### What is needed
Each line of the data must be written out again verbatim; no image belongs in the copy.
[Data segment — start]
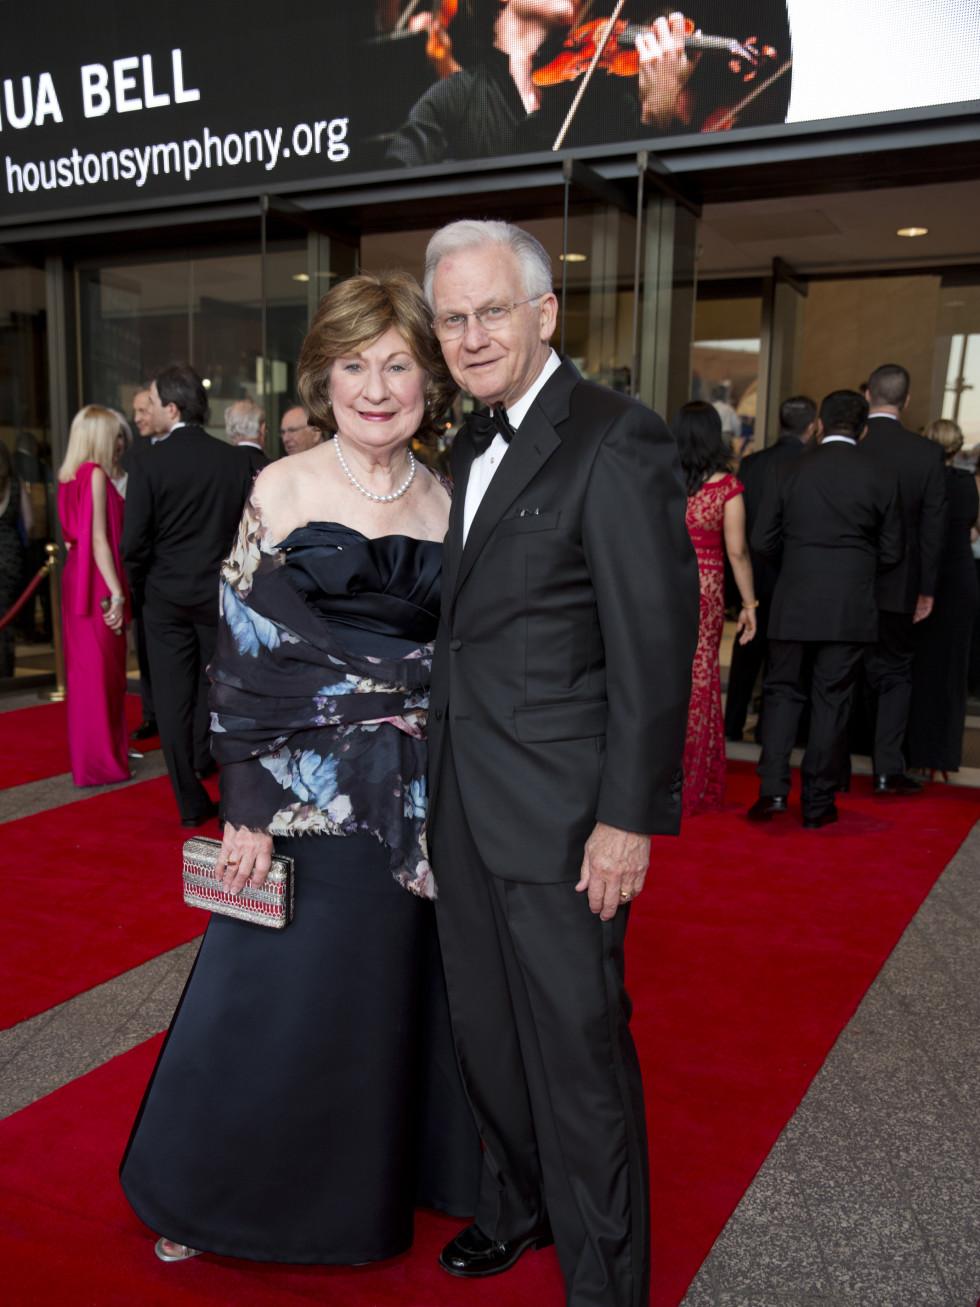 News, Shelby, Houston Symphony Opening Night, Sept. 2015, Cora Sue & Harry Mach
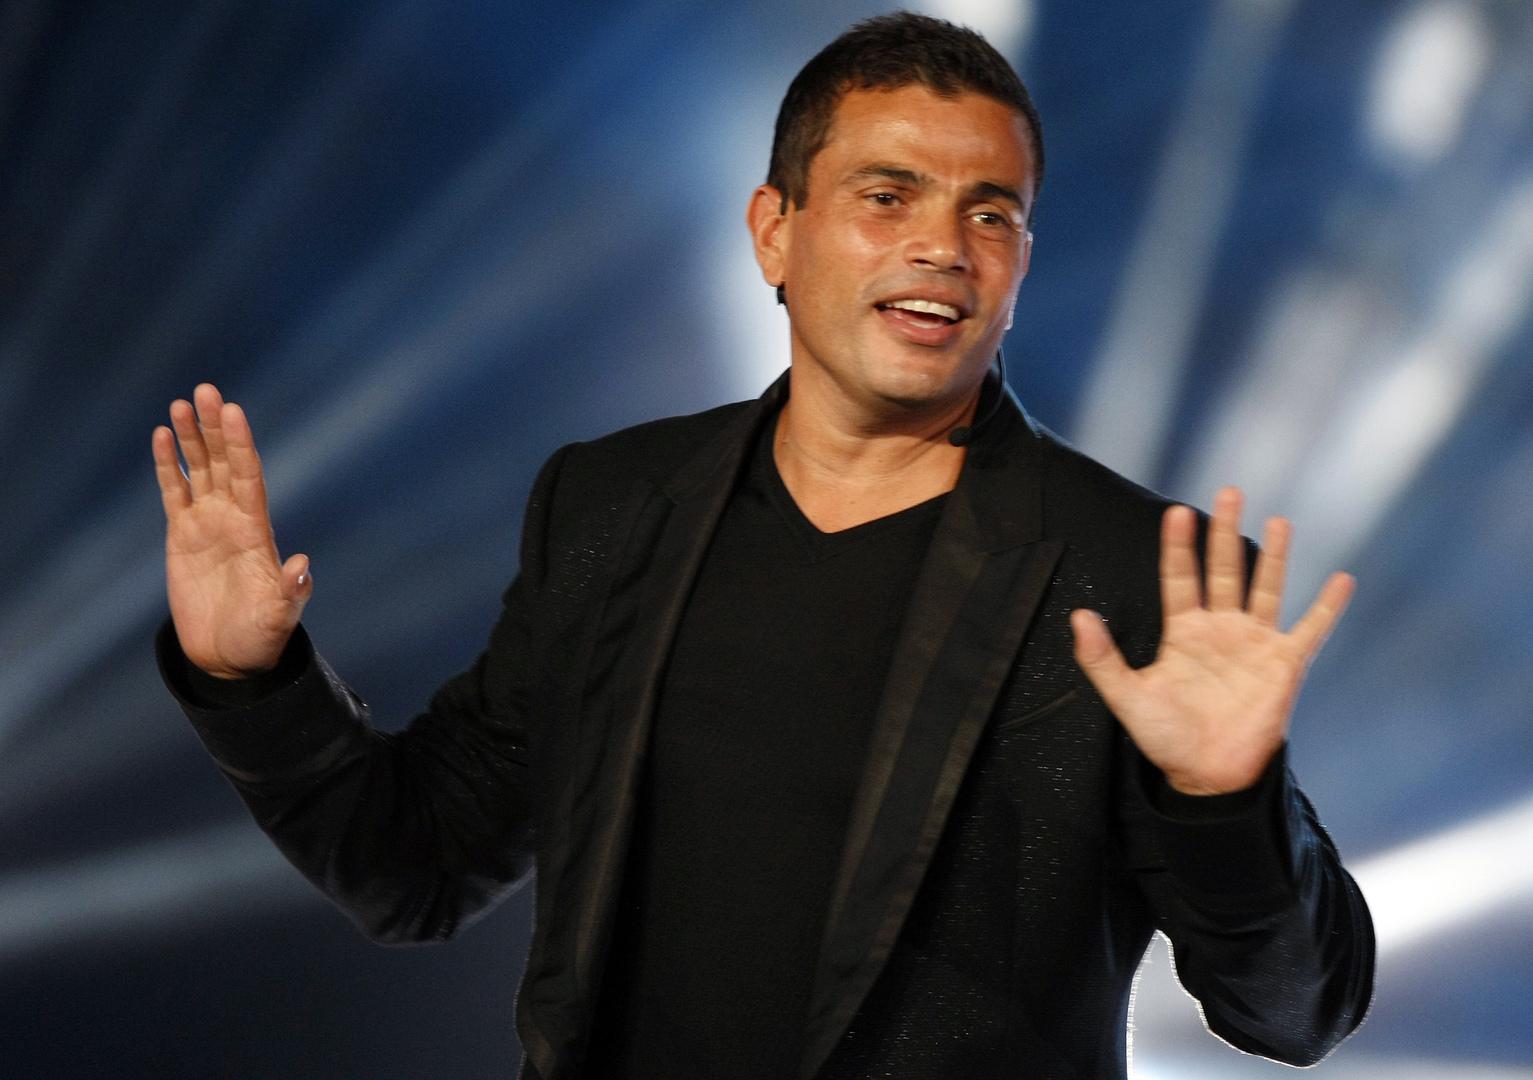 عمرو دياب معلقا على ظهور تركي آل شيخ مع رامز جلال:
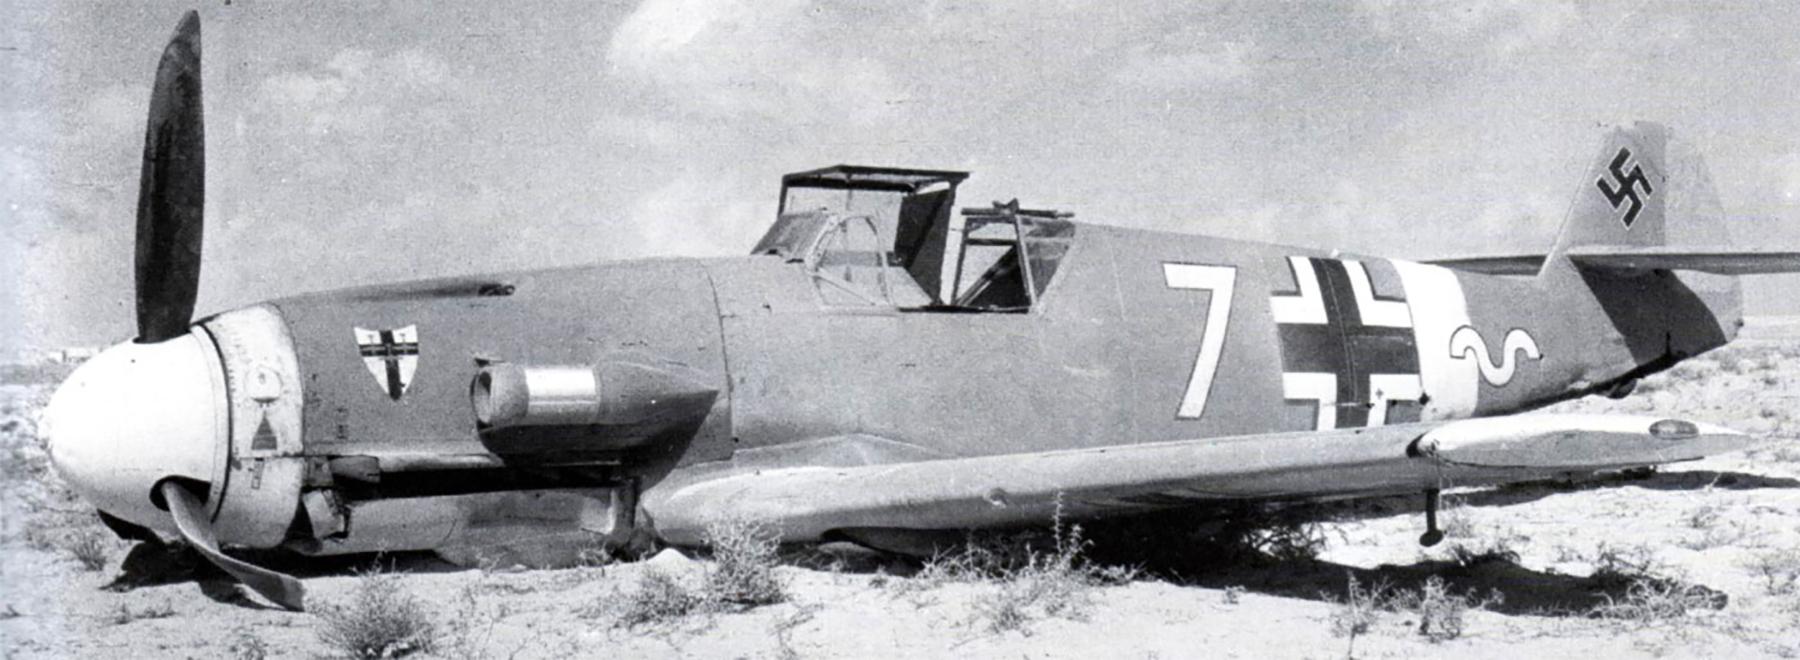 Messerschmitt Bf 109F4Trop 9.JG27 Yellow 7 Helmuth Fenzl WNr 13136 crash Egypt 26th Oct 1942 01
[Data segment — finish]
### Written reply
 News, Shelby, Houston Symphony Opening Night, Sept. 2015, Cora Sue & Harry Mach
 عمرو دياب معلقا على ظهور تركي آل شيخ مع رامز جلال:
 Messerschmitt Bf 109F4Trop 9.JG27 Yellow 7 Helmuth Fenzl WNr 13136 crash Egypt 26th Oct 1942 01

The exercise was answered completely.